PG Bug reporting form <noreply@postgresql.org> writes:
> Although the docs
> https://www.postgresql.org/docs/current/textsearch-controls.html say nothing
> about websearch_to_tsquery supporting parentheses in queries, I noticed some
> inconsistent behaviour when using multiple 'or' keywords with parentheses in
> postgres 15.4
The definition of websearch_to_tsquery says pretty plainly that
"Other punctuation is ignored". So I'd expect parens to do nothing.

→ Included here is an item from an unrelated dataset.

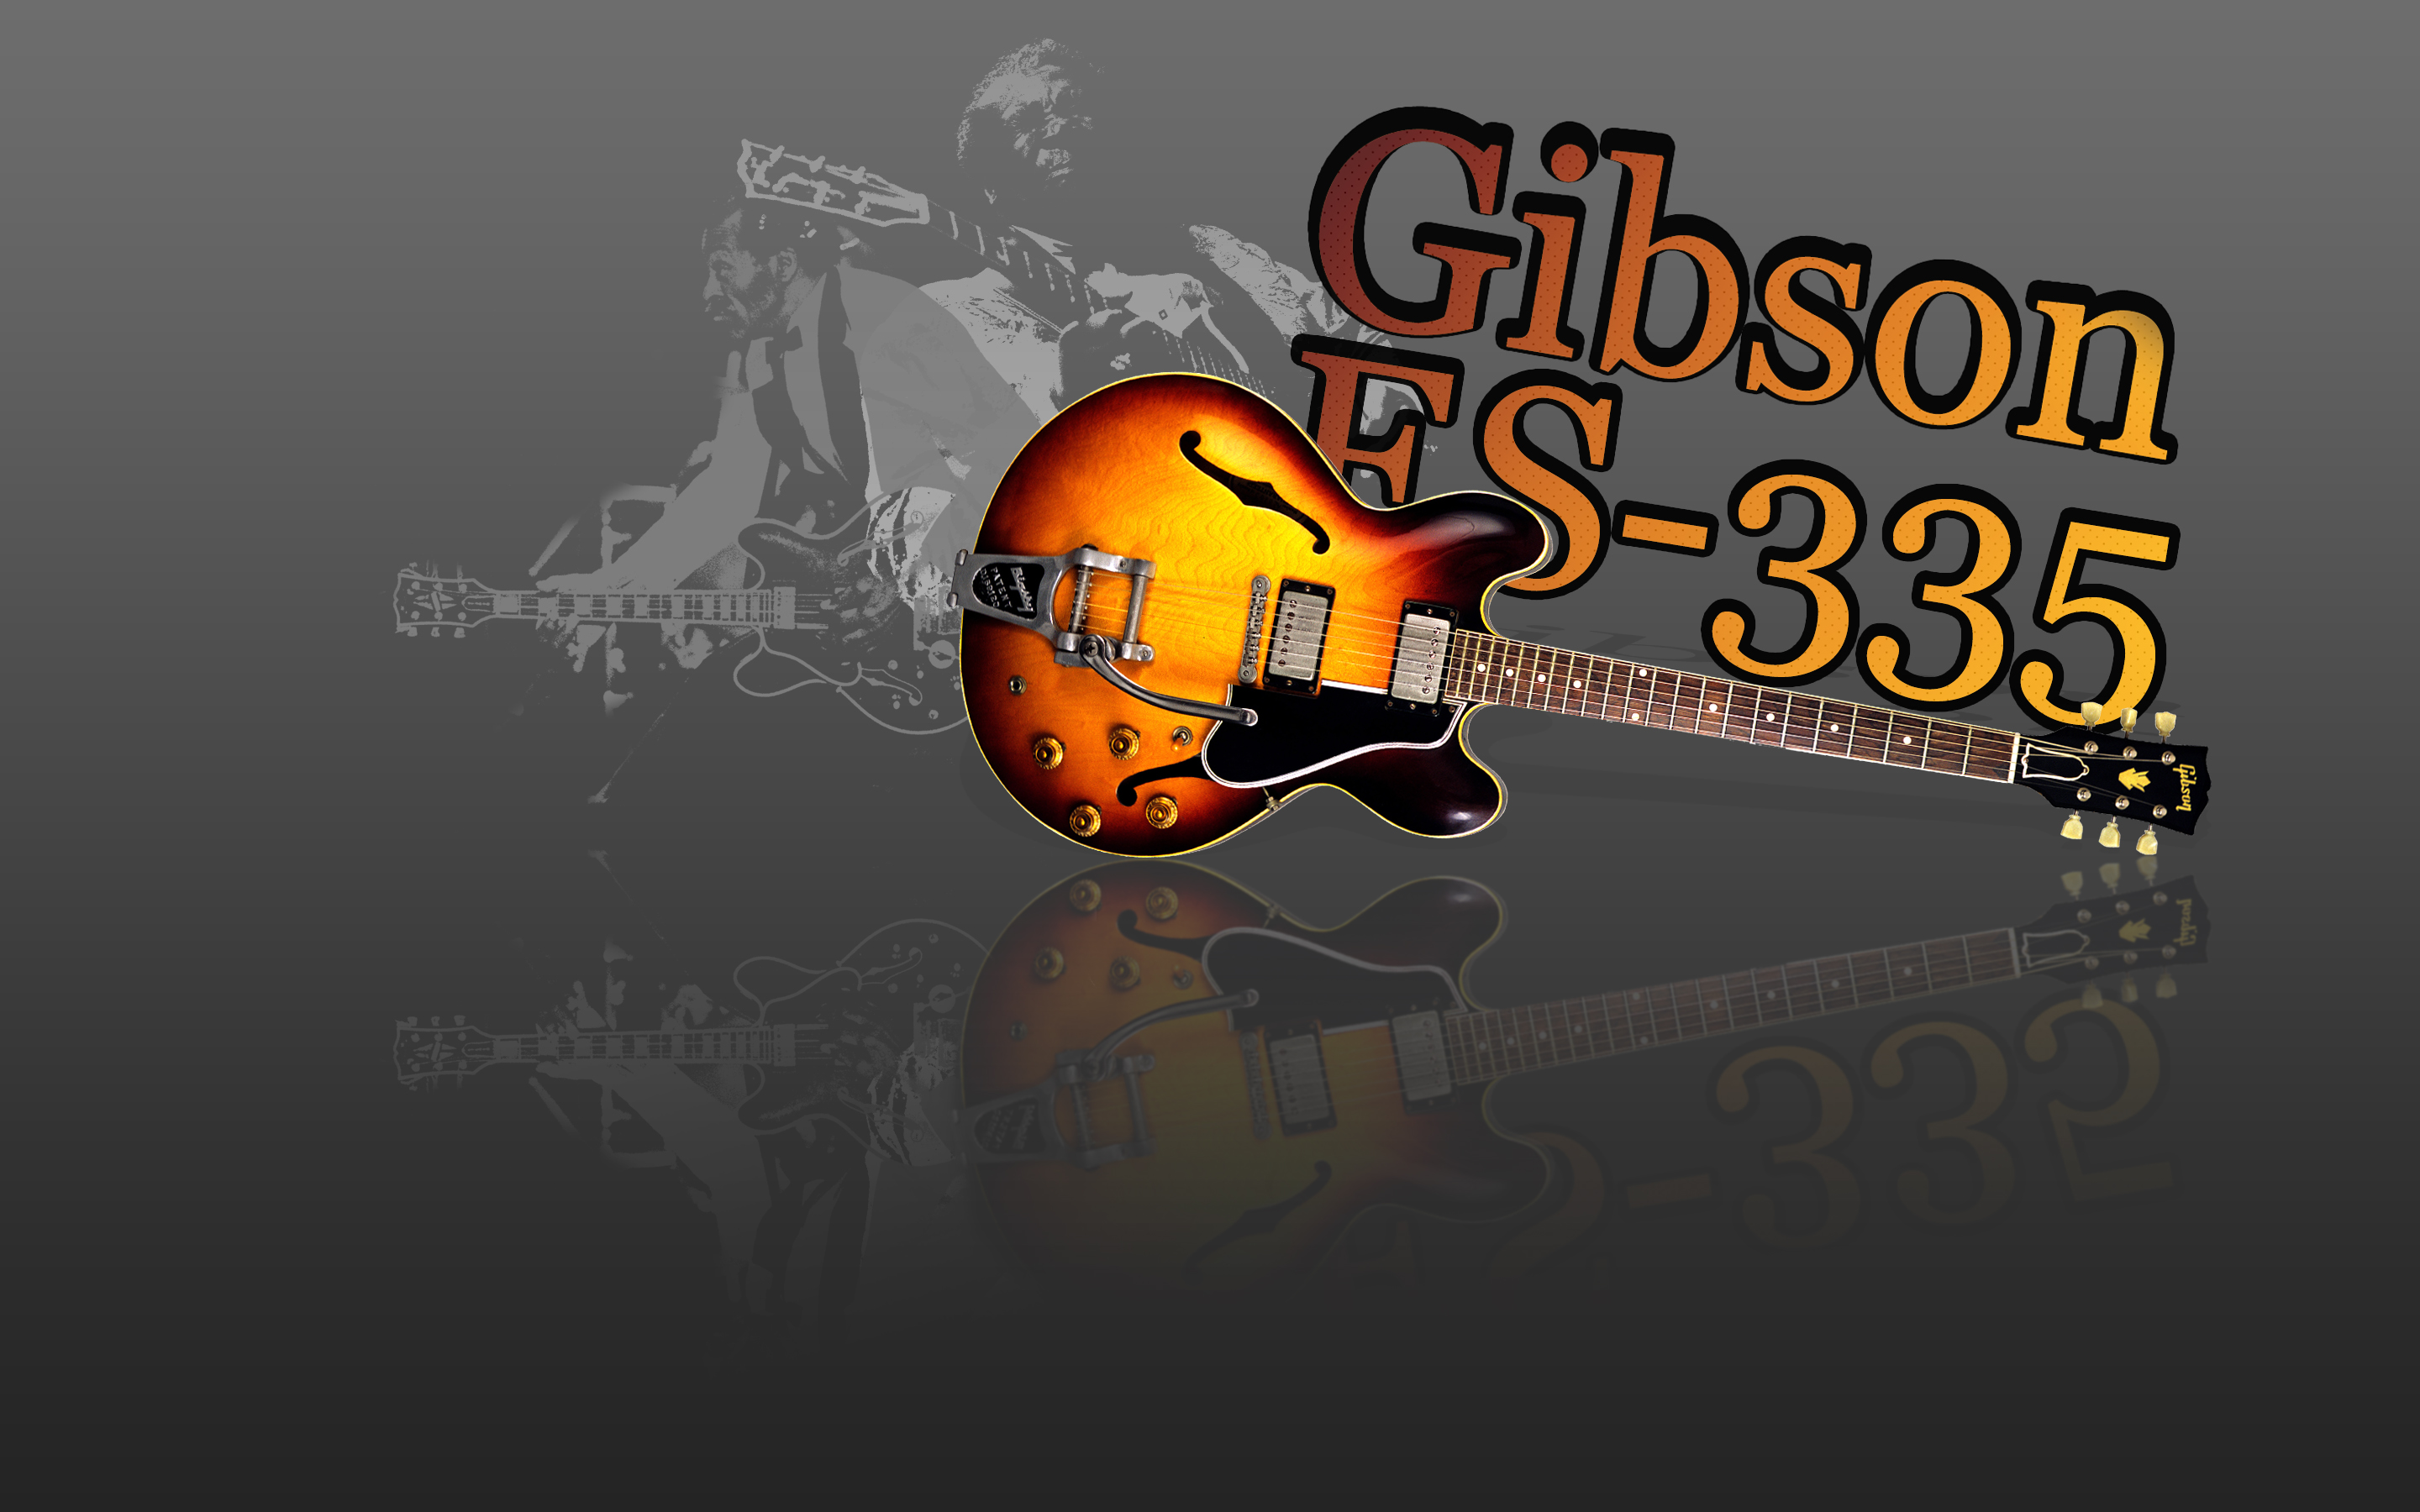 Descarga gratuita de fondo de pantalla para móvil de Música, Guitarra.

That makes this problematic:
> select websearch_to_tsquery('german', 'foo or baz bar or (ding dong)');
> websearch_to_tsquery
> -----------------------------------------
> 'foo' | 'baz' & 'bar' | 'ding' & 'dong'
> select websearch_to_tsquery('german', 'foo or (baz bar) or (ding dong)');
> websearch_to_tsquery
> ------------------------------------------------
> 'foo' | 'baz' & 'bar' & 'or' & 'ding' & 'dong'
I found what seems to be the issue in gettoken_query_websearch: it
ignores ISOPERATOR chars (including parens) in WAITOPERAND state,
but not in WAITOPERATOR state. That results in switching back to
WAITOPERAND state which will consume the "or" as a regular word.
So a minimal fix could look like the attached.
It's fairly confusing that this code manages to ignore not-ISOPERATOR
punctuation. It seems like that gets eaten by gettoken_tsvector()
and then later we decide there's not really a word there.
I'm also confused how come the same thing doesn't happen in the
english tsconfig. Not sure it's worth poking at more, though.
regards, tom lane
diff --git a/src/backend/utils/adt/tsquery.c b/src/backend/utils/adt/tsquery.c
index 690a80d774..eb08e912ea 100644
--- a/src/backend/utils/adt/tsquery.c
+++ b/src/backend/utils/adt/tsquery.c
@@ -492,6 +492,12 @@ gettoken_query_websearch(TSQueryParserState state, int8 *operator,
*operator = OP_OR;
return PT_OPR;
}
+ else if (ISOPERATOR(state->buf))
+ {
+ /* ignore other operators here too */
+ state->buf++;
+ continue;
+ }
else if (*state->buf == '\0')
{
return PT_END;